The first hurdle, in some workplaces, will be persuading the union to campaign for a nursery at all. The notion that it is ‘outside the union’s scope of work’ is fairly common in some of the traditionally male dominated trade unions. The issue of childcare may need a lot of lobbying from women within the union before negotiations even begin with the employers.

Trying to assess demand can be a problem. lf you use a questionnaire you have to remember that the need for a nursery may also extend to men. It’s impossible to discover what the future demand will be, in terms of mothers who cannot work now because there is no-one to look after the children. But in 1972 37.2 per cent of women who couldn’t work said they would return to work if child care facilities were available.

Most successfully negotiated workplace nurseries are in buildings or rooms which have at one time been nurseries-so it is worth looking out for an empty one.

Many employers are reluctant to take on sole responsibility for providing a nursery, and often the demand is not high enough in one workplace to justify it.

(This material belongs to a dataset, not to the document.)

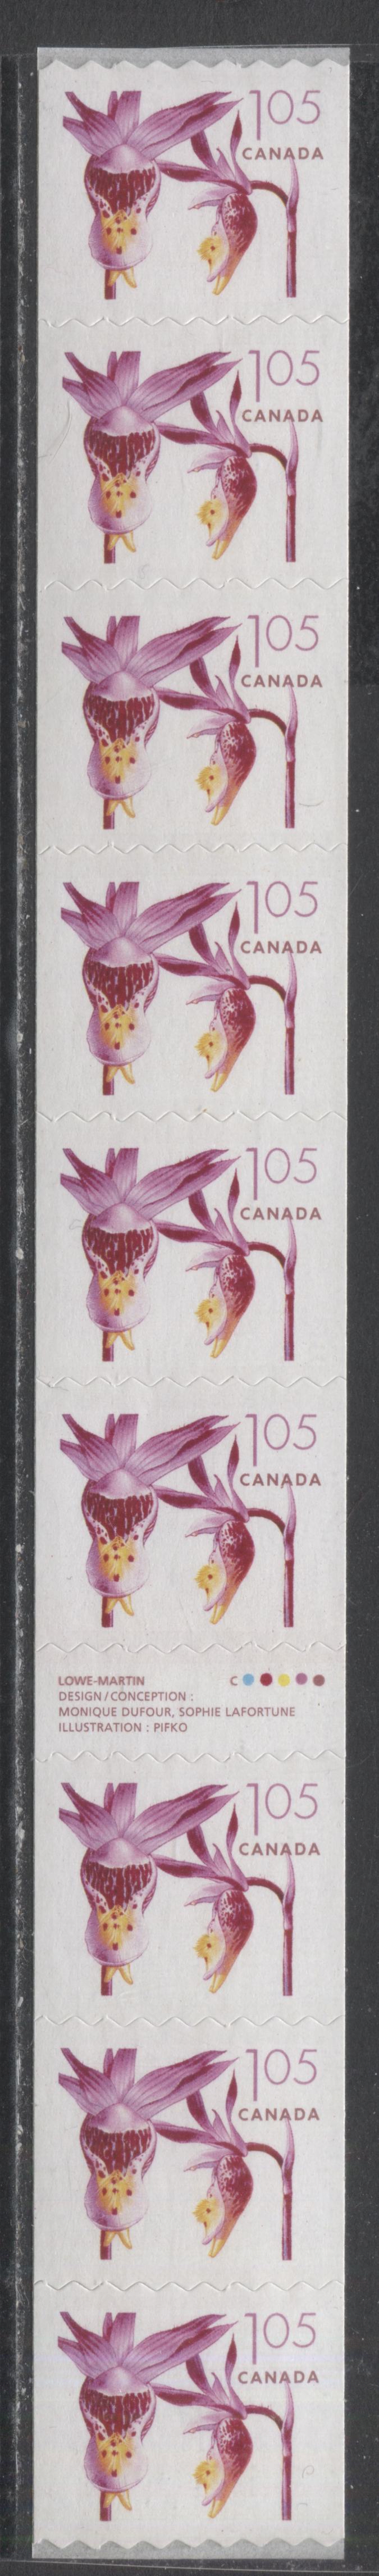 Lot 48 Canada #2130iv $1.05 Multicolored Pink Fairy Slipper, 2005-2006 Flower Definitives (2) - Coils, A VFNH Gutter Strip Of 9 With Compound Die Cut Between Stamps 2 & 3. DF TRC Paper, Considerable Ghost Tagging Bars Throughout Strip $260

The answer to this is to find out if other unions/workplaces in your area are interested in participating in a scheme.

If the employers agree to setting up a nursery it is important that the union is involved in the organisation and, later. the general administration of the nursery. For example the union should help decide the initial pay of the nursery workers.

If a workplace nursery is not possible because of a scattered workforce, or a suitable location can’t be found, then consider pressing for a nursery/childminder subsidy from the employer.

Most important. a nursery campaign shouldn’t be isolated from a general campaign for better opportunities for women.